Let's start by installing the [`vxdb`](https://github.com/backchannelinc/vxdb) wrapper.

In [None]:
%pip install git+https://github.com/backchannelinc/vxdb

We then import the library.

In [4]:
from vxdb import VXDB

Now let's get authenticated. We can do that with the CLI with `vxdb login`, or by using the `login()` method.

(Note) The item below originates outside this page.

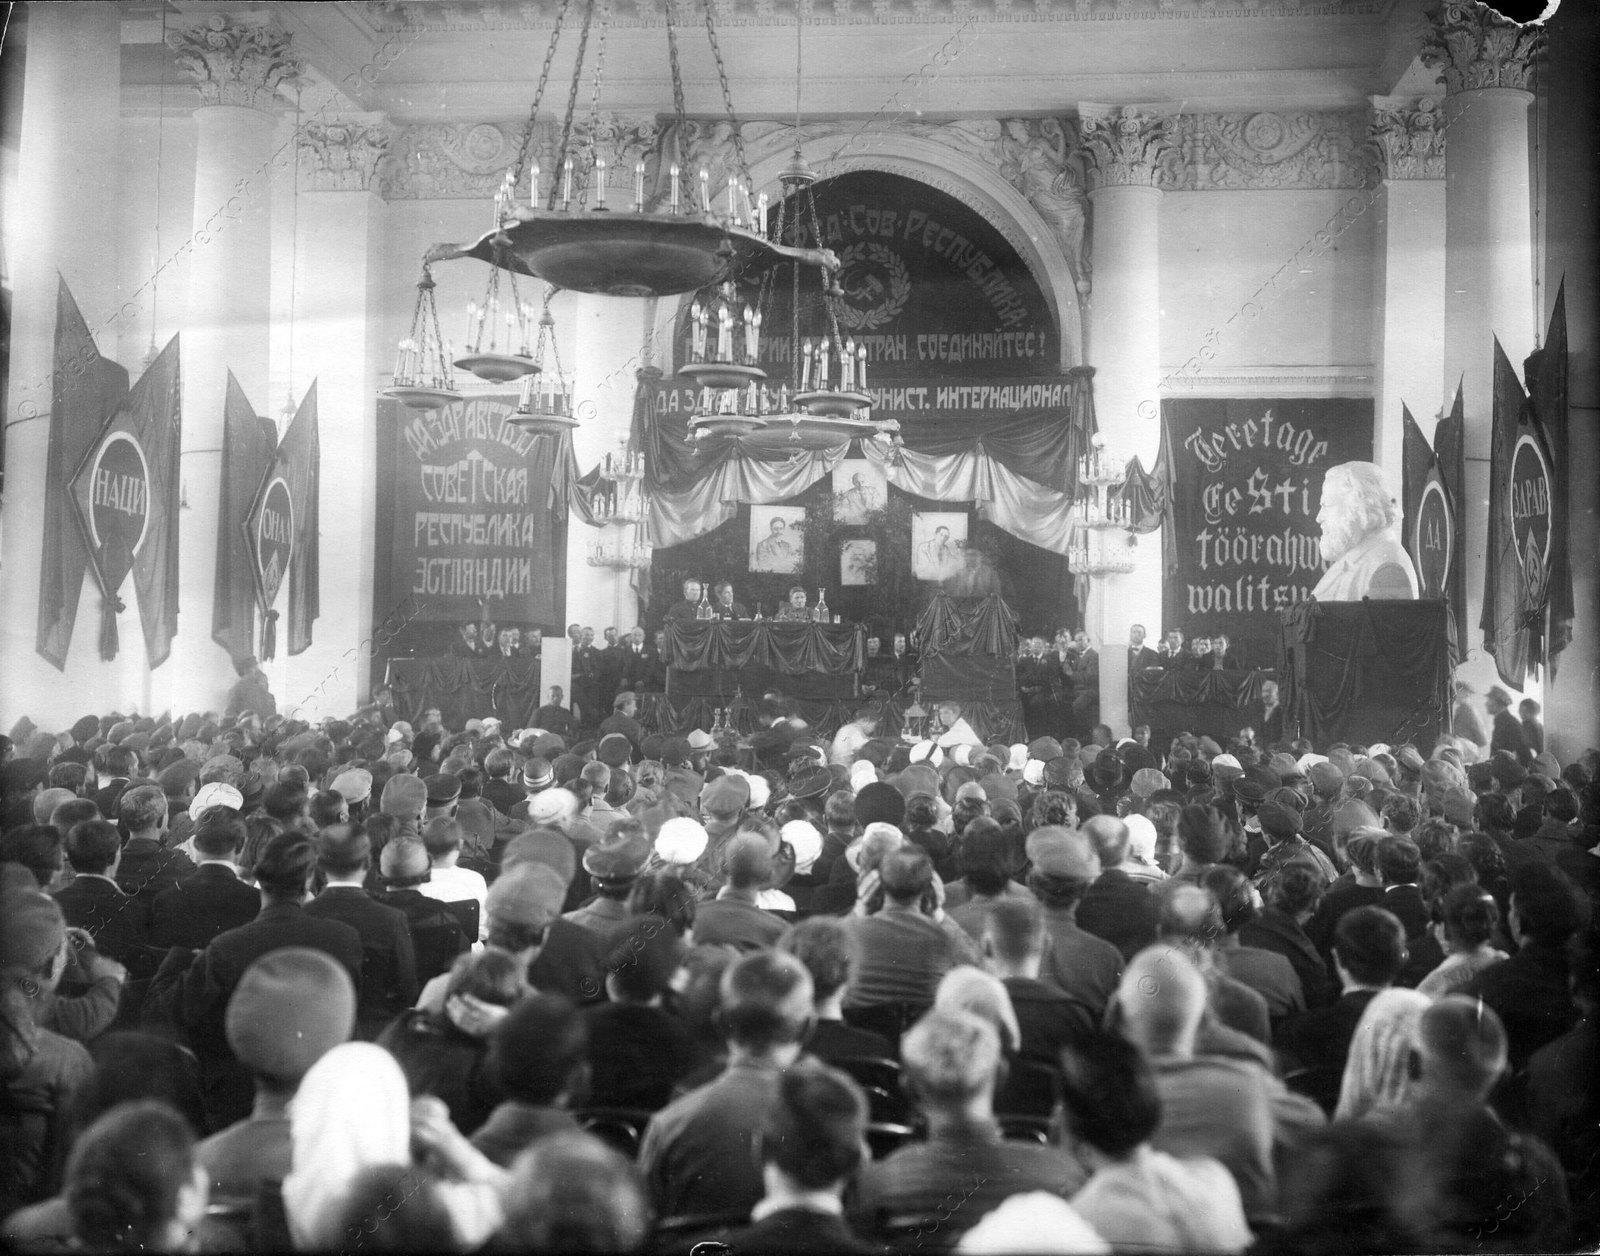 1919. Интернациональный митинг, посвященный представителям Эстонского пролетариата

You could also check if there is an environment variable we could use instead, called `VX_API`, and pass that into the `api_key` argument of the VXDB Class object. But for now, we stick with the `login()` method.

In [6]:
vx = VXDB()
vx.login()

We are now logged in! We can confirm that by doing a count of the repository.

In [32]:
vx.count_files()

10286481

# Putting data into tabular format with `pandas`

Many data scientists use [`pandas`](https://pandas.pydata.org/) for manipulating and analyzing data in Python. We will use it for the similar purpose of taking VXDB data and doing something with it.

First let's install `pandas`.

In [None]:
%pip install pandas

And we then import the library. We also import some standard stuff like `json`.

In [95]:
import pandas as pd
import json

We need some idea of the data and what it looks like so we know how it should be tabulated by `pandas`.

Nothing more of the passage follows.